Demokrasi sebagai sebuah sistem yang dianggap ideal bukan hanya di negeri-negeri barat melainkan juga di negeri belahan timur tidak terkecuali Indonesia,di mana salah satu aspek dianggap penting adalah kebebasan untuk bersuara yang dijamin dalam negeri yang memegang prinsip kedaulatan di tangan rakyat ini.

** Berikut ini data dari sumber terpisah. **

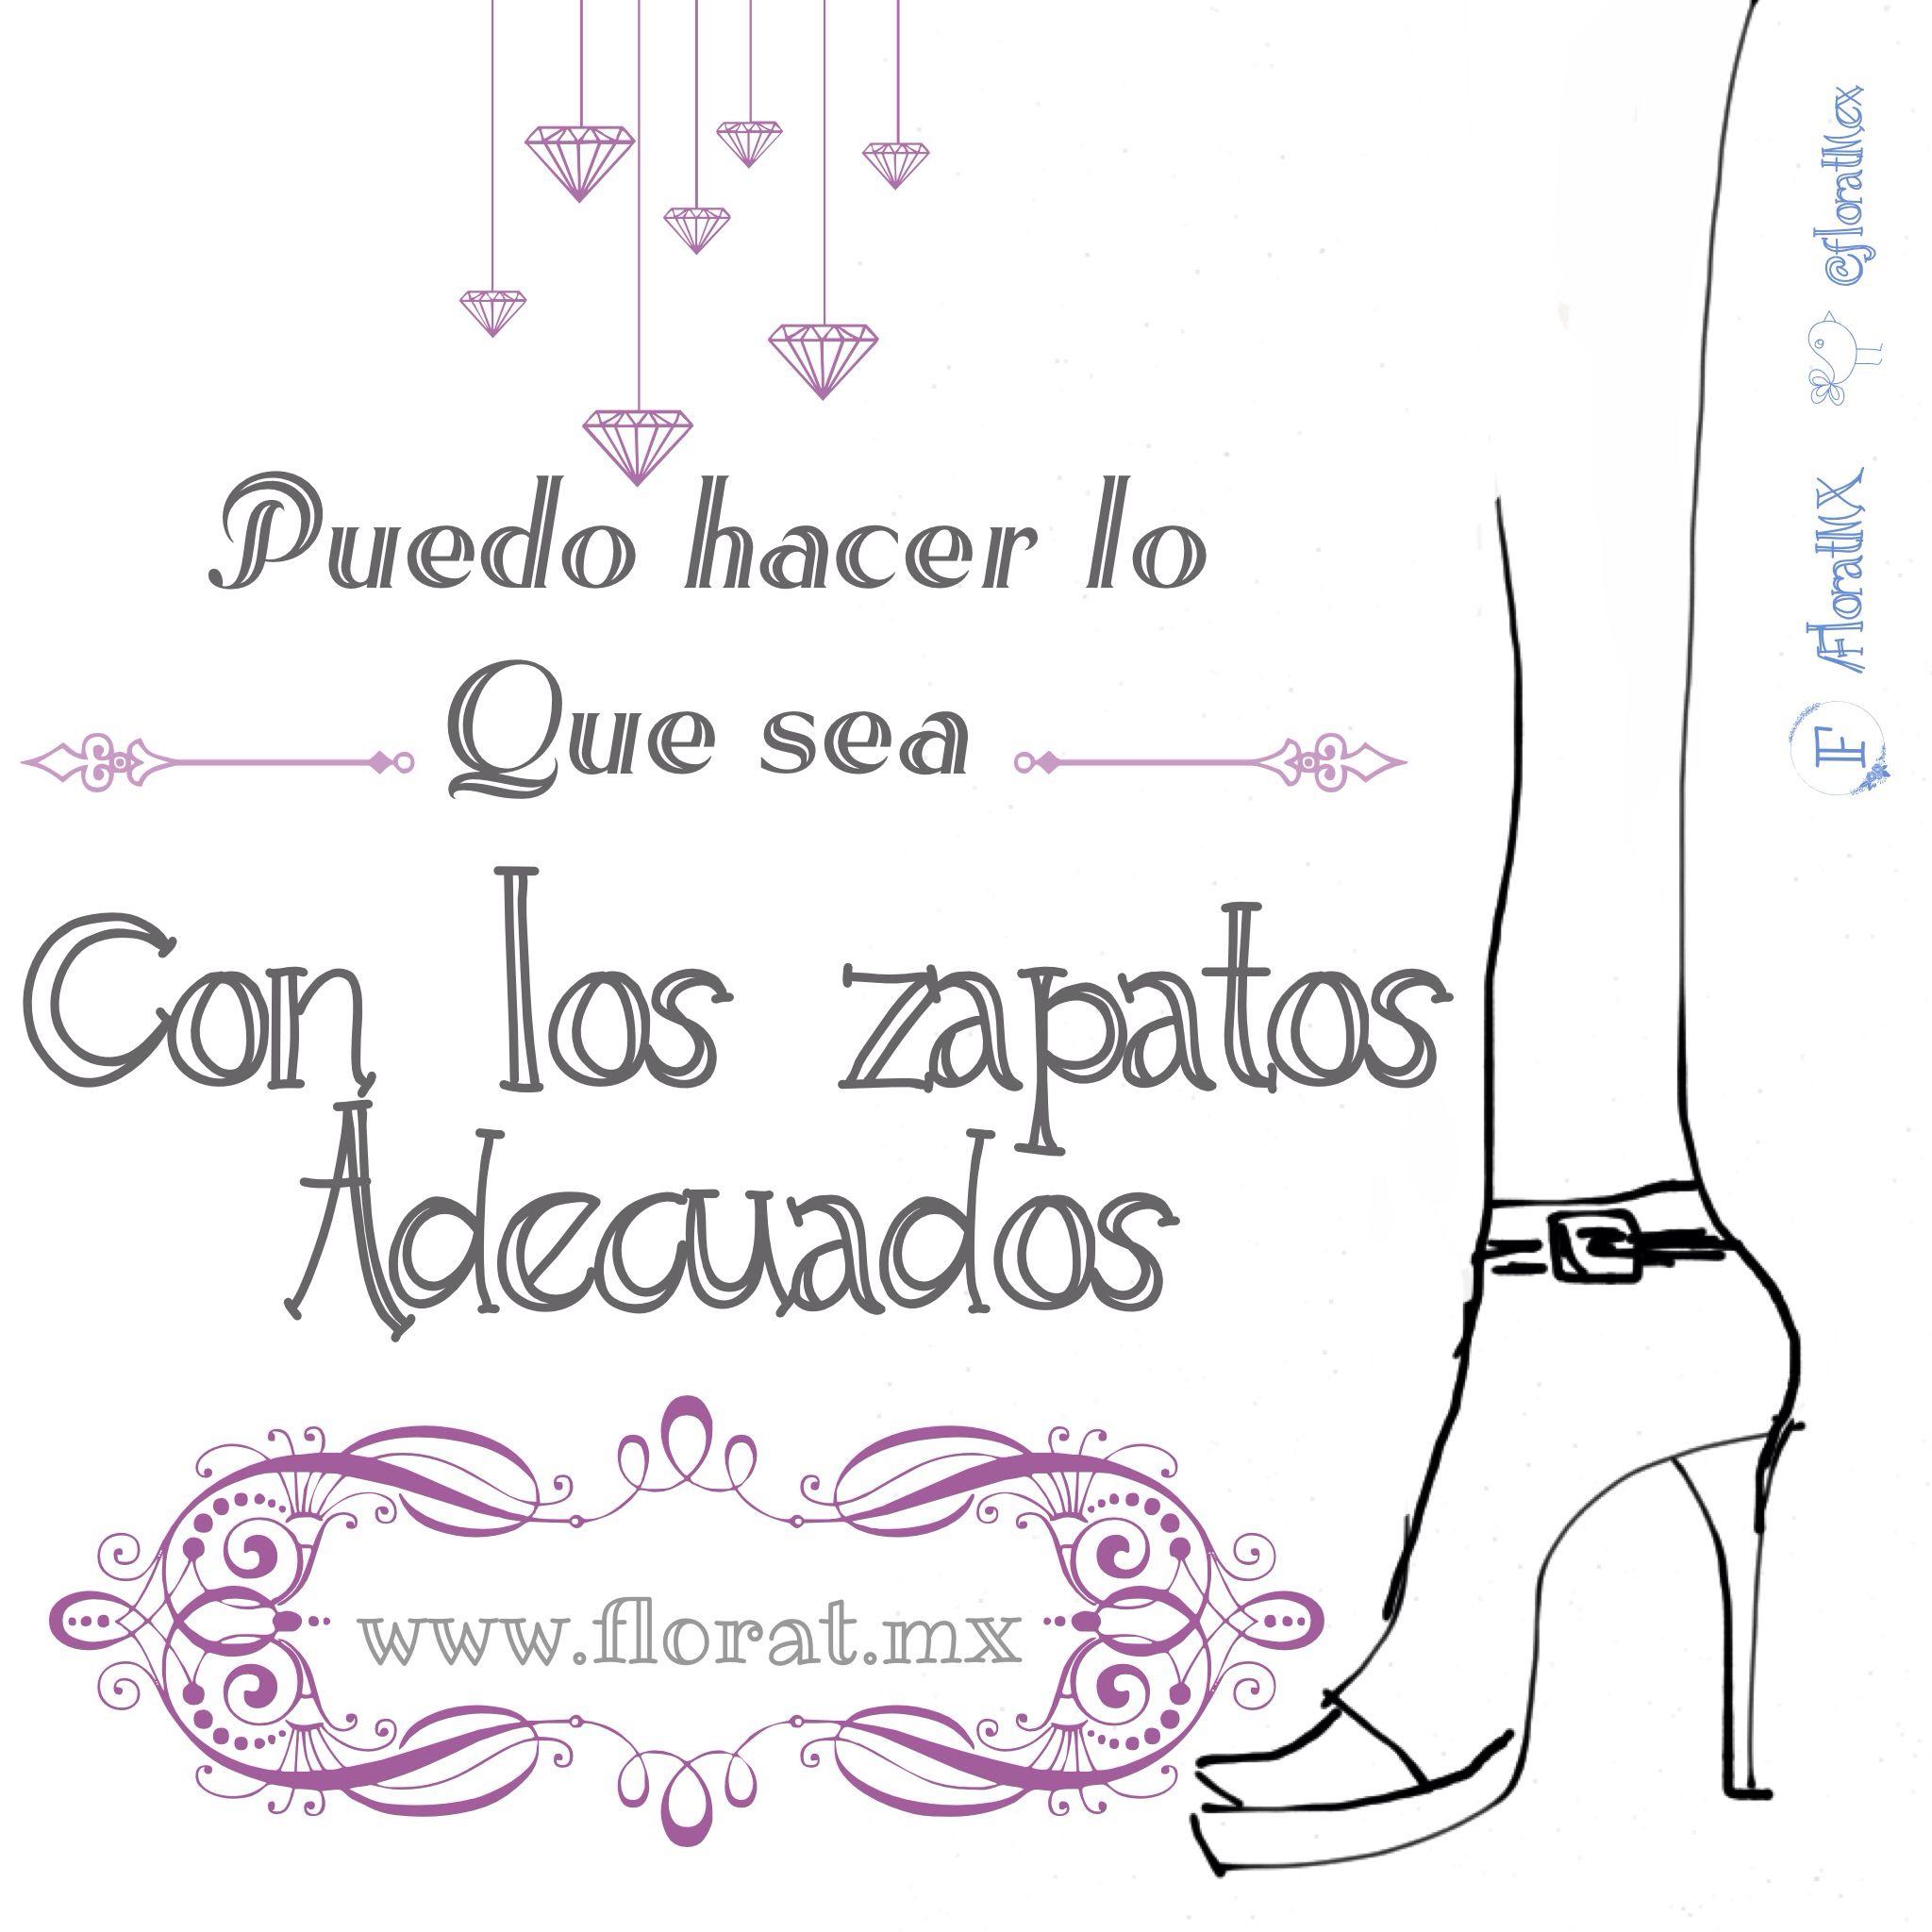 #estilo #outfit #blogger #mexicanblogger #sales #mexico #streetstyle #streetstylemx #stylegirl #modanacional #diseñomexicano #hechoenmexico #hechosamano #florat #zapatos #shoes #tacones #flats #balerinas #love #instagood #cute #photooftheday #beatiful #girl #like

Kebebasan bersuara yang diberikan negara untuk setiap rakyatnya adalah bagian dari manifestasi kedaulatan di tangan rakyat.
Sehingga budaya untuk berfikir kritis seharusnya tumbuh subur di tengah-tengah masyarakatnya, akan tetapi hal penting yang perlu diperhatikan juga, jangan sampai ruang besar yang diberikan untuk menyuarakan aspirasi melarutkan para pelakunya ke dalam euporia.
Tentu masih segar dalam ingatan, bagaimana reformasi negeri ini sebagai sebuah gerakan untuk menyelamatkan Indonesia dari kebobrokan dinyalakan dengan jalan demonstrasi yang dilakukan khususunya oleh kalangan mahasiswa secara masif. Pembebasan negeri yang sekian lama terbelenggu dalam suatu era kelam yang disebut orde baru pada tahun 1998 silam menjadi bukti jika aksi demonstrasi masih memiliki peran dalam menentukan arah suatu bangsa, dan keberadaannya menunjukan bahwa demokrasi masih menjadi denyut nadi berbangsa dan bernegara kita.
Sejak Indonesia lahir sebagai negera berdaulat, catatan sejarah telah merekam sederetan aksi massa atau demo yang kemudian dikenal sebagai salah satu aksi demonstrasi terbesar yang pernah terjadi di negeri ini, di antaranya, aksi massa Tritura atau tiga tuntutan rakyat yang terjadi pada masa Presiden Soekarno tahun 1966, kemudian ada aksi massa yang dikenal sebagai peristiwa Malari yang terjadi pada 1974, dan yang tentu saja peristiwa reformasi 1998 menjadi yang palin fenomenal dan monumental dalam sejarah.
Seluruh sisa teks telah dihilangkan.